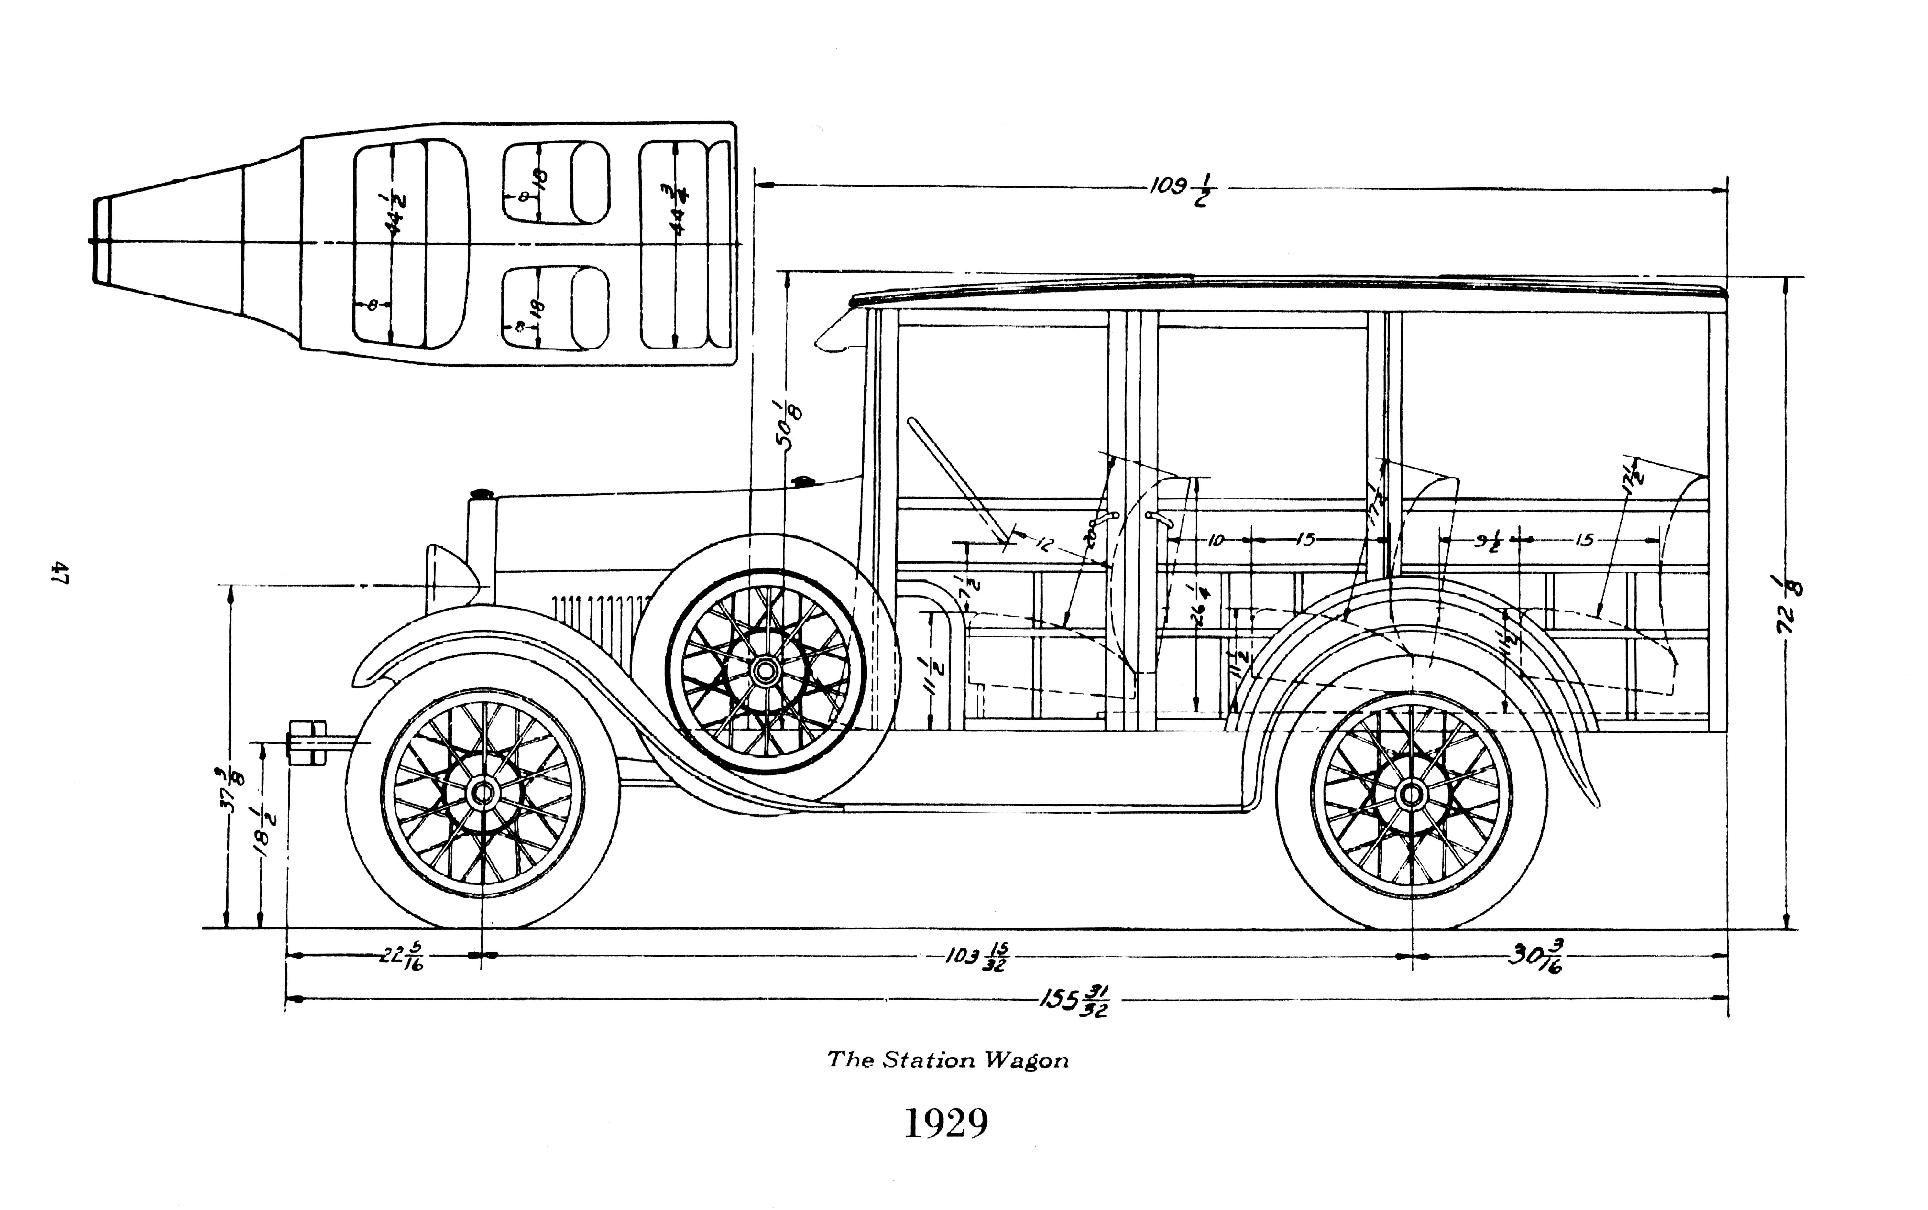 1929-Ford-Model-A-Station-Wagon.jpg (JPEG Image, 1928
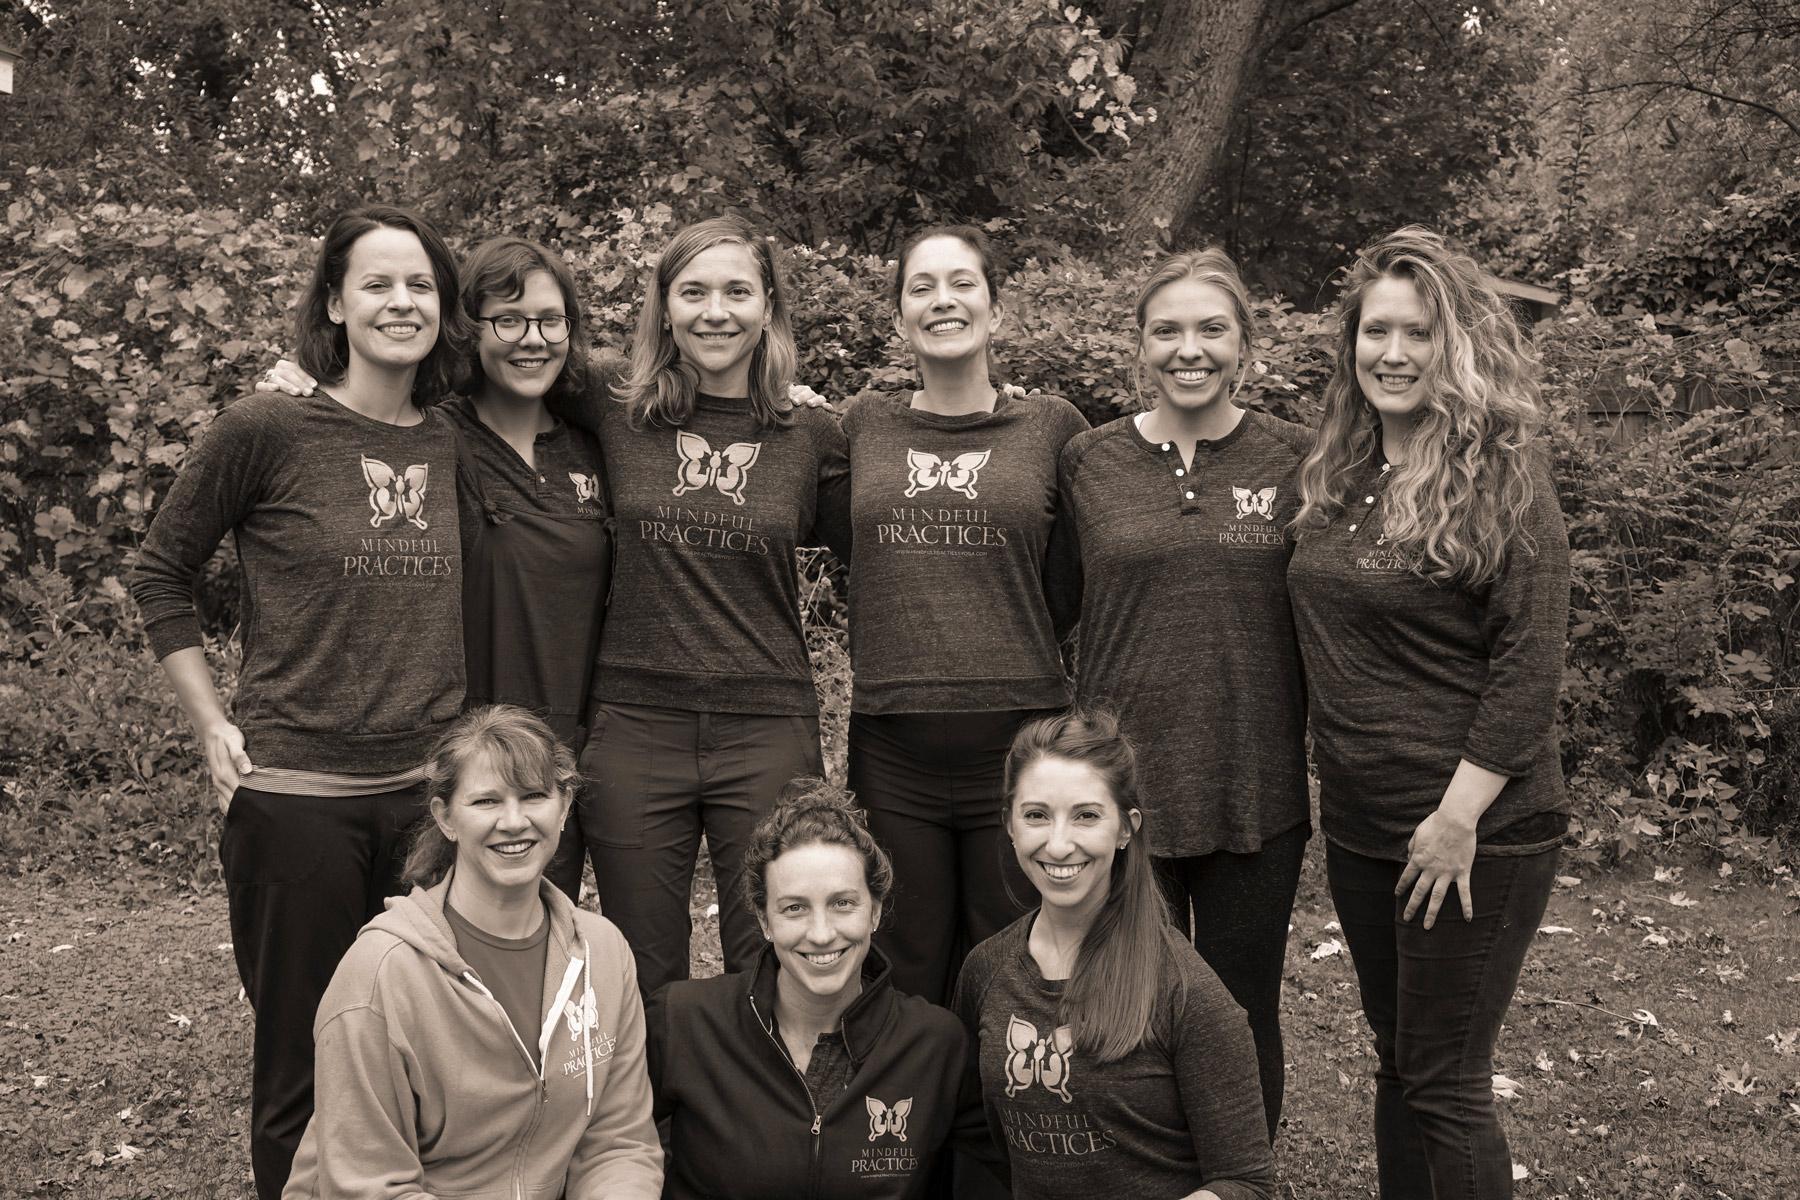 Mindful-Practices-Leadership-Team-DSC02130-Edit
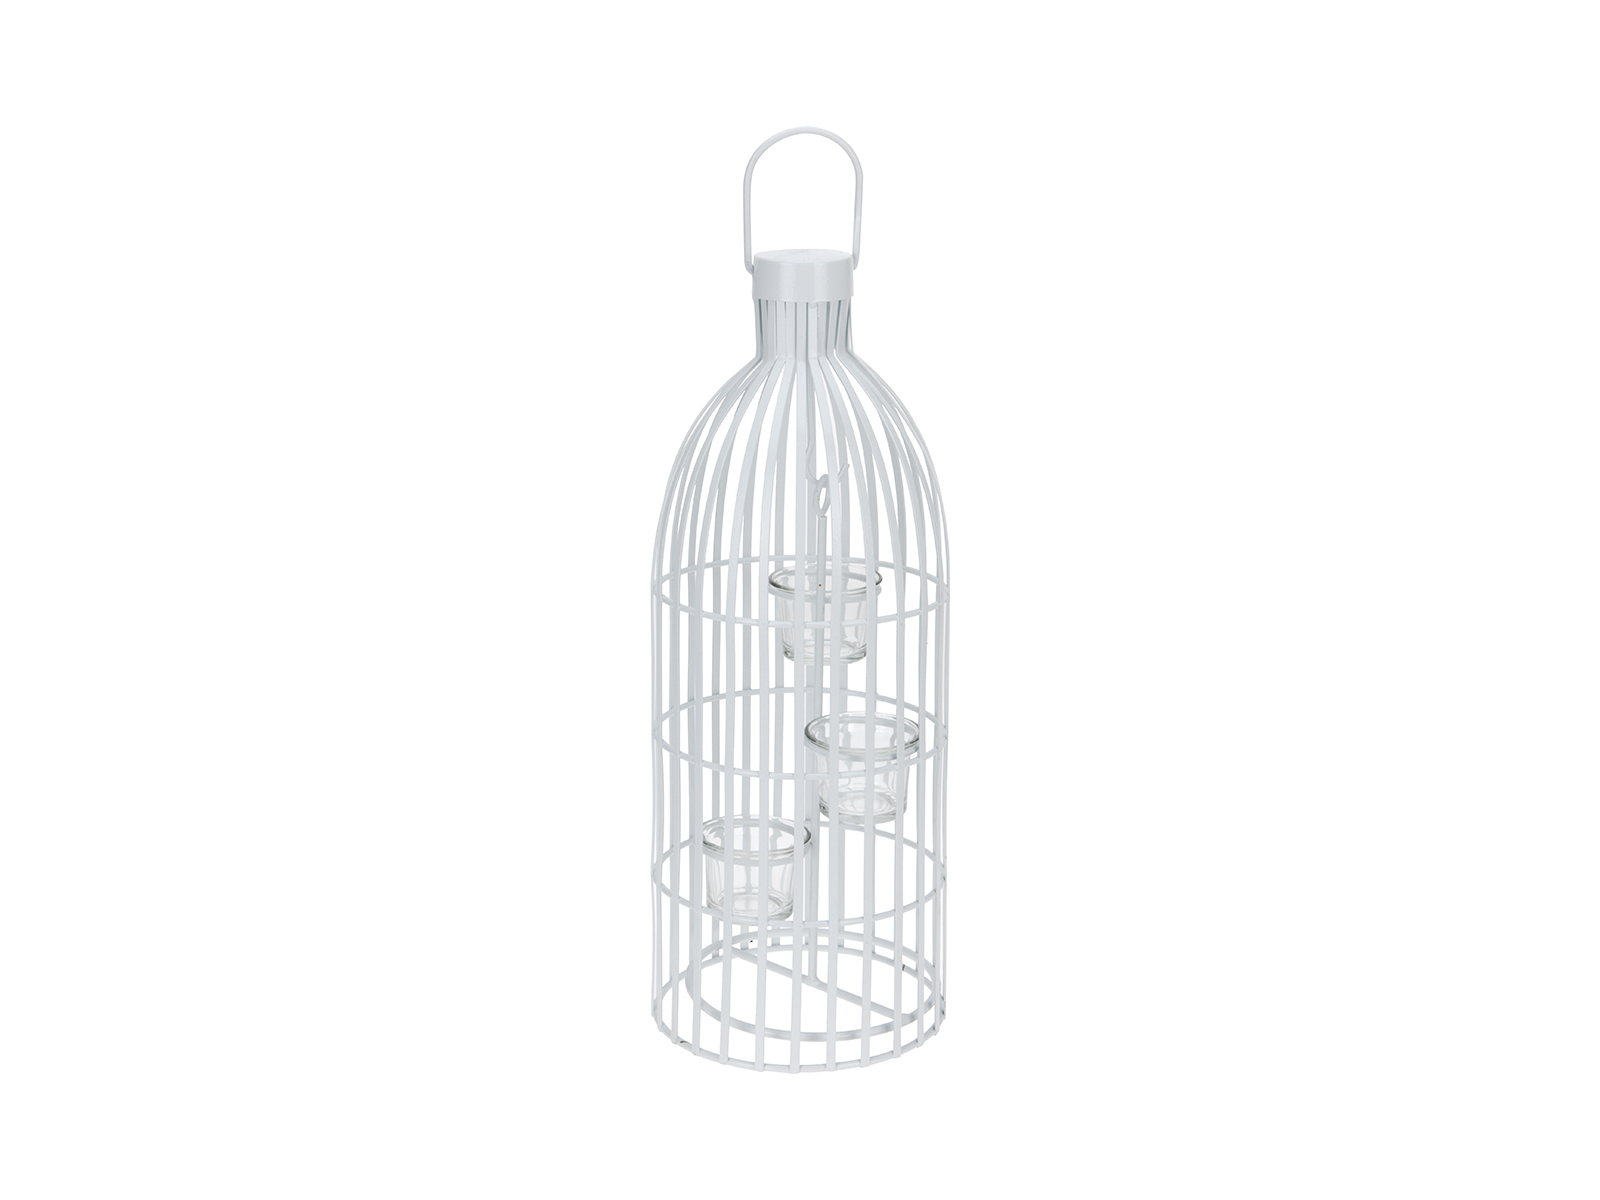 Подсвечник Birds cageСвечи и подсвечники<br><br>
==========
TASK STATEMENT: Write the lines above out again exactly, without any of their pictures.

TASK RESULT:
 1929-Ford-Model-A-Station-Wagon.jpg (JPEG Image, 1928
 Mindful-Practices-Leadership-Team-DSC02130-Edit
 Подсвечник Birds cageСвечи и подсвечники<br><br>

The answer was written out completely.